Kameelah Janan Rasheed's exhibition titled "there is a hole beneath the sentence and your words are leaking. i place my mouth at the puncture site, waiting to be engorged by your lactating punctuation" transforms anonymous gallery into an immersive landscape where language seeps, spills, and saturates the senses. Presented in collaboration with NOME, the exhibition pushes the boundaries of how we engage with language, suggesting that words are not just seen, but felt — consumed like a physical substance.
Through immersive installation, Rasheed transforms the gallery space into an environment where the mouth — rather than the eye — becomes the central site for interpretation. The exhibition features a variety of media, including sculptures, video works, photographs, wall paintings, and architectural interventions that respond directly to the space. Rasheed's work engages with the physicality of language, using the metaphor of the mouth to become the vessel through which language is consumed — a sacred act of communion where meaning is not simply understood but absorbed into the body, consumed, digested, and even corrupted. The mouth becomes the primary tool of interpretation, an organ of both consumption and expression.

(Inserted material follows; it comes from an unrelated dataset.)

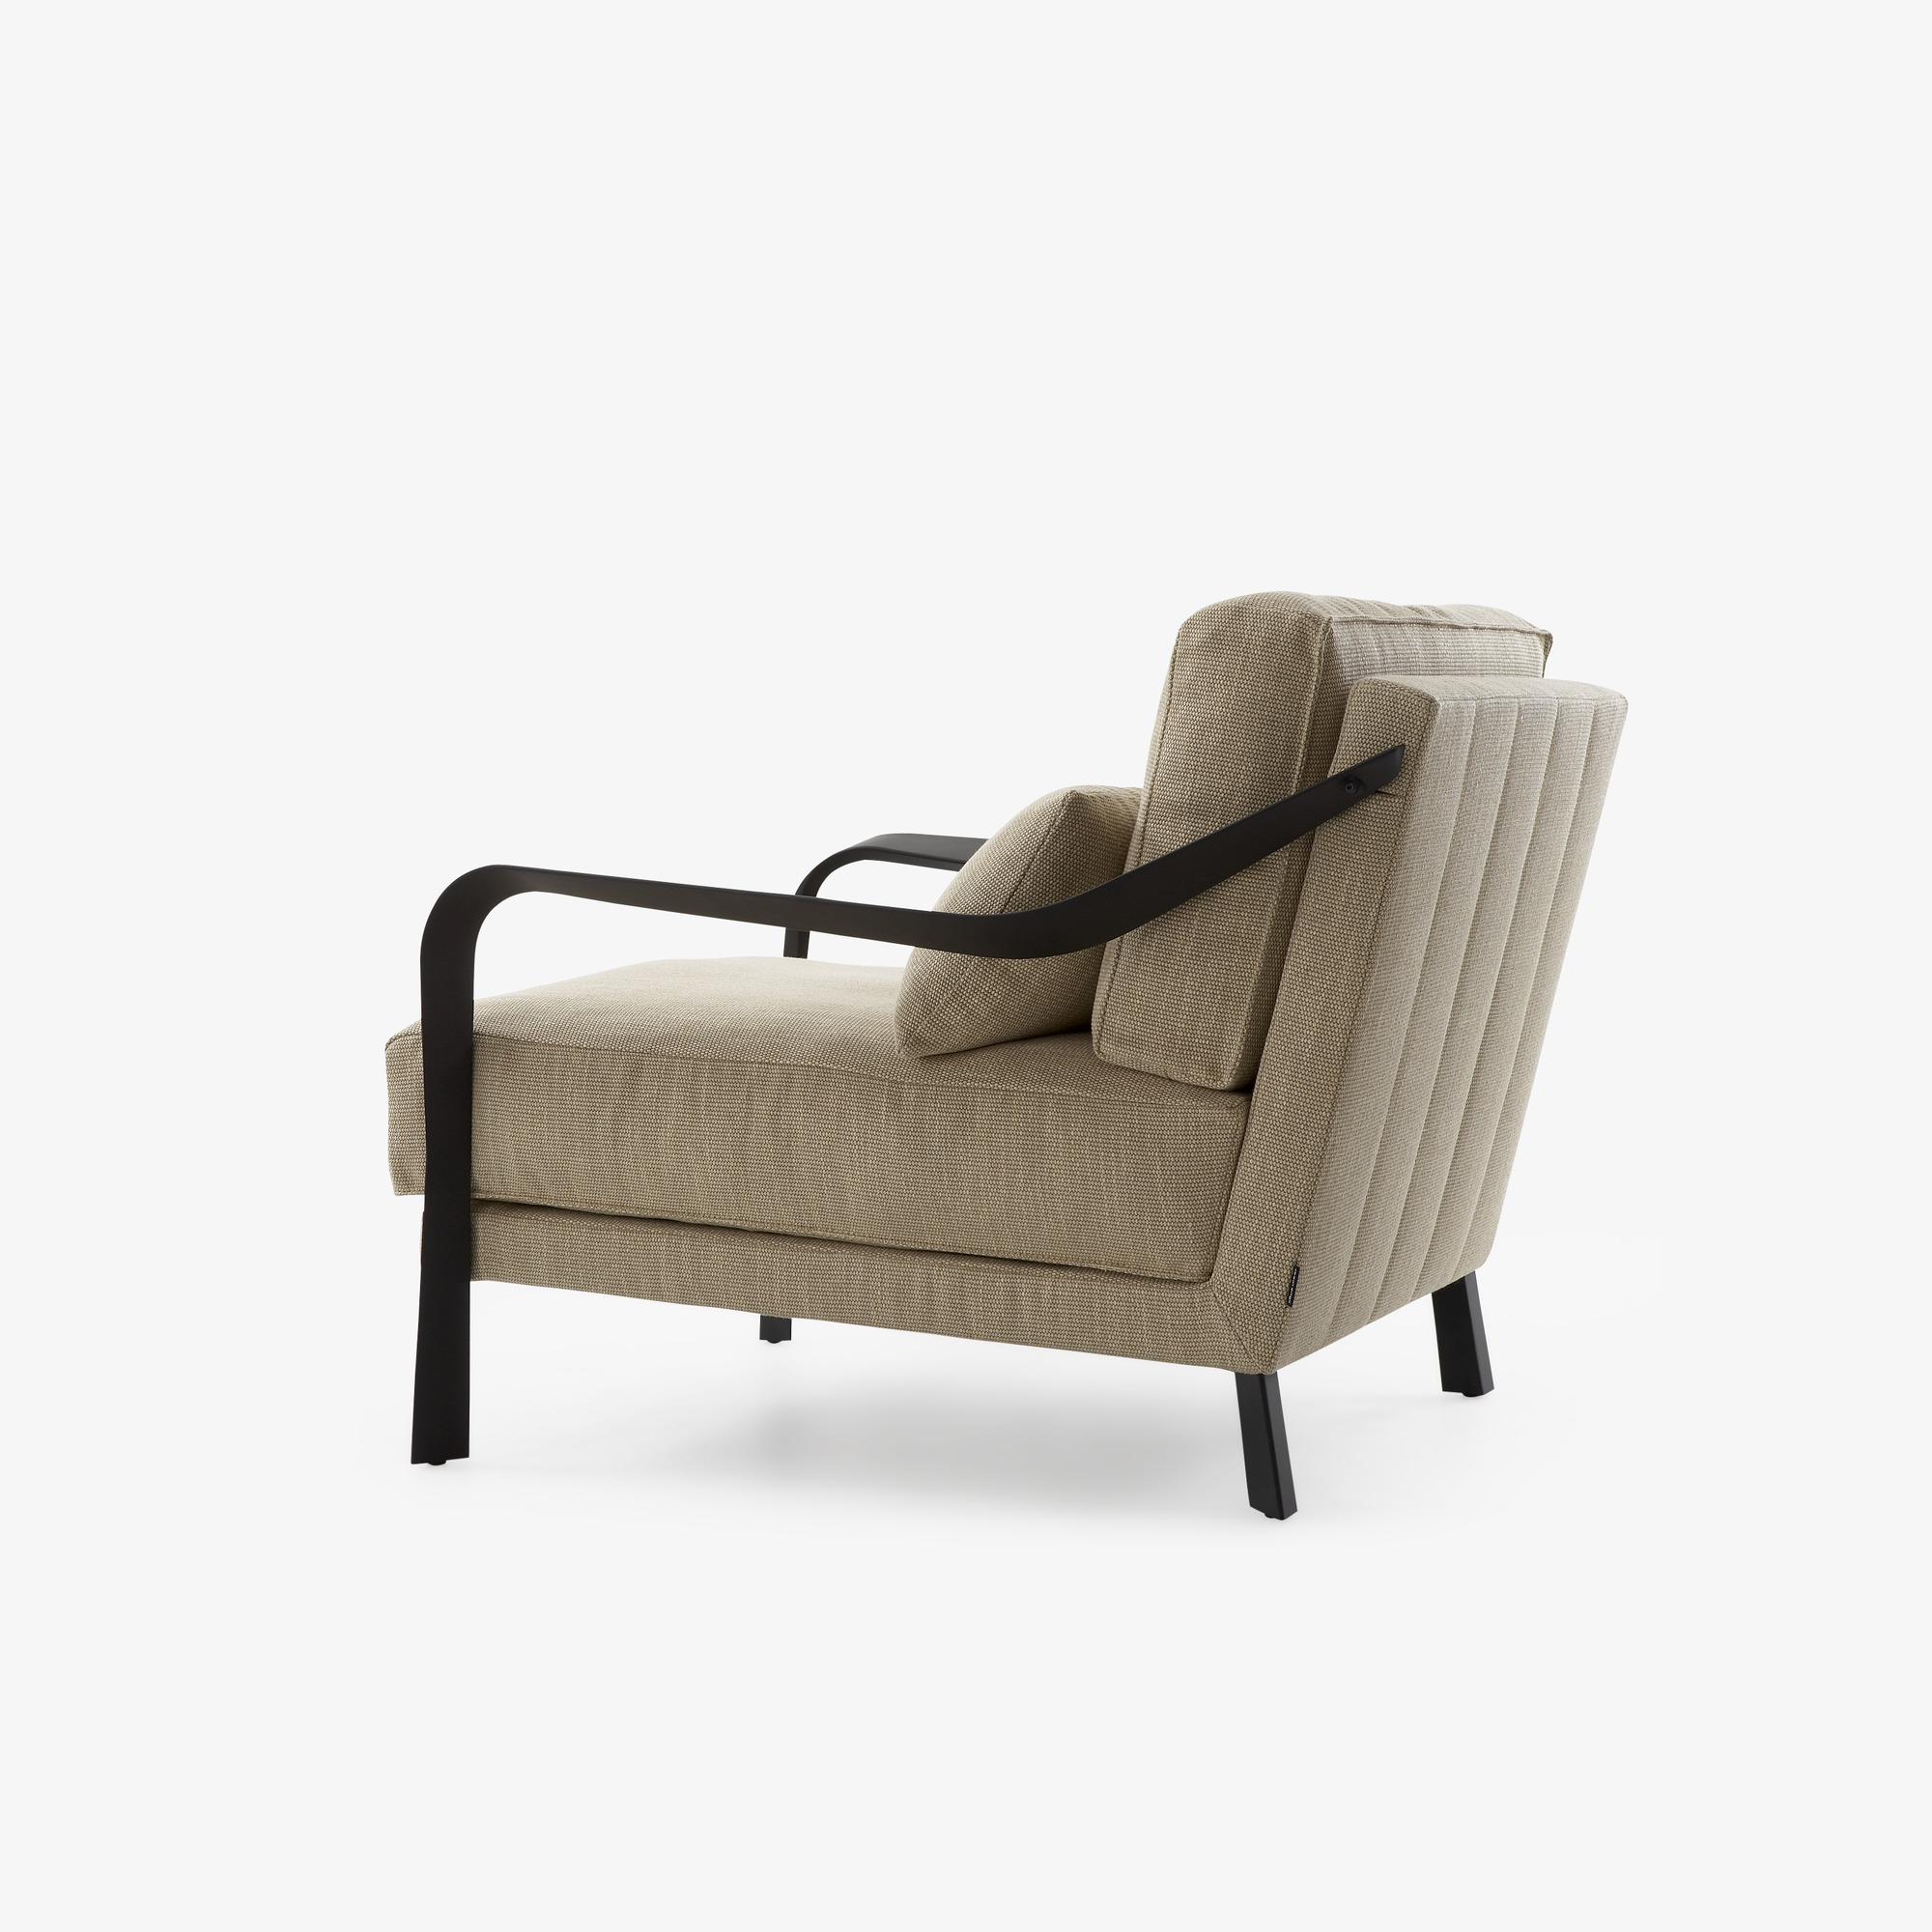 Image 扶手椅 铝制金属扶手 套件 3

The concept of saliva as a "highly viscous grammar" suggests that the act of communication is not merely about clarity or transparency, but about the messy, sticky processes that underlie the exchange of meaning. Rasheed challenges traditional notions of reading and interpretation, proposing instead a more embodied, sensory experience.
This exhibition exemplifies Rasheed's ability to blur the boundaries between different mediums and to create work that is as much about the physical experience of the viewer as it is about intellectual engagement. The installation invites visitors to consider how language interacts with the body, how it can be both nourishing and contaminating, and how it shapes our perceptions of the world.
ABOUT THE ARTIST:
Kameelah Janan Rasheed is an interdisciplinary artist based in Brooklyn. Her practice is invested in the shifting ecosystems of Black epistemologies and the agile relationships between the varied modes of reading, writing, archiving, editing, translating, publishing, reflecting upon, and arranging narratives about lived Black experiences. For Rasheed, the acts of reading and writing are not passive experiences and therefore her works engage an understanding of text as an unfixed, living organism that desires iteration and intervention.
Rasheed’s practice takes form across an ecosystem of provisional projects and experiments: large-scale text-banner installations, lecture performances, publications, sound works, library interventions, and xeroxed “architecturally-scaled collages” (Frieze, 2018), and other forms yet to be determined.
Kameelah Janan Rasheed’s recent solo exhibitions include in the coherence , we weep at KW Institute for Contemporary Art and Unsewn Time at the Art Institute of Chicago. Rasheed has recently participated in the Autostrada Biennale, Prizren; Urbane Künste Ruhr, Bochum; Front Triennale, Cleveland; Athens Biennale; and Prospect New Orleans. She has previously exhibited her work at Kunstverein Hannover; the Glasgow International; Kunsthalle Wien; Future Generation Exhibition at the 2017 Venice Biennale; the Brooklyn Museum; The New Museum, New York; MASS MoCA, North Adams; Studio Museum in Harlem; Portland Institute for Contemporary Art; Institute of Contemporary Art Philadelphia; Brooklyn Public Library, among others. Her public installations include Ballroom Marfa; Brooklyn Museum; For Freedoms x Times Square Art; Public Art Fund; and several others. Her work has been featured in Artforum, Artreview, Frieze, Hyperallergic, Guernica, The New York Times, Triple Canopy, and others. She received a 2021 Guggenheim Fellow in Fine Arts and was recently awarded the 2022 Creative Capital Award and Schering Stiftung Prize for Artistic Research.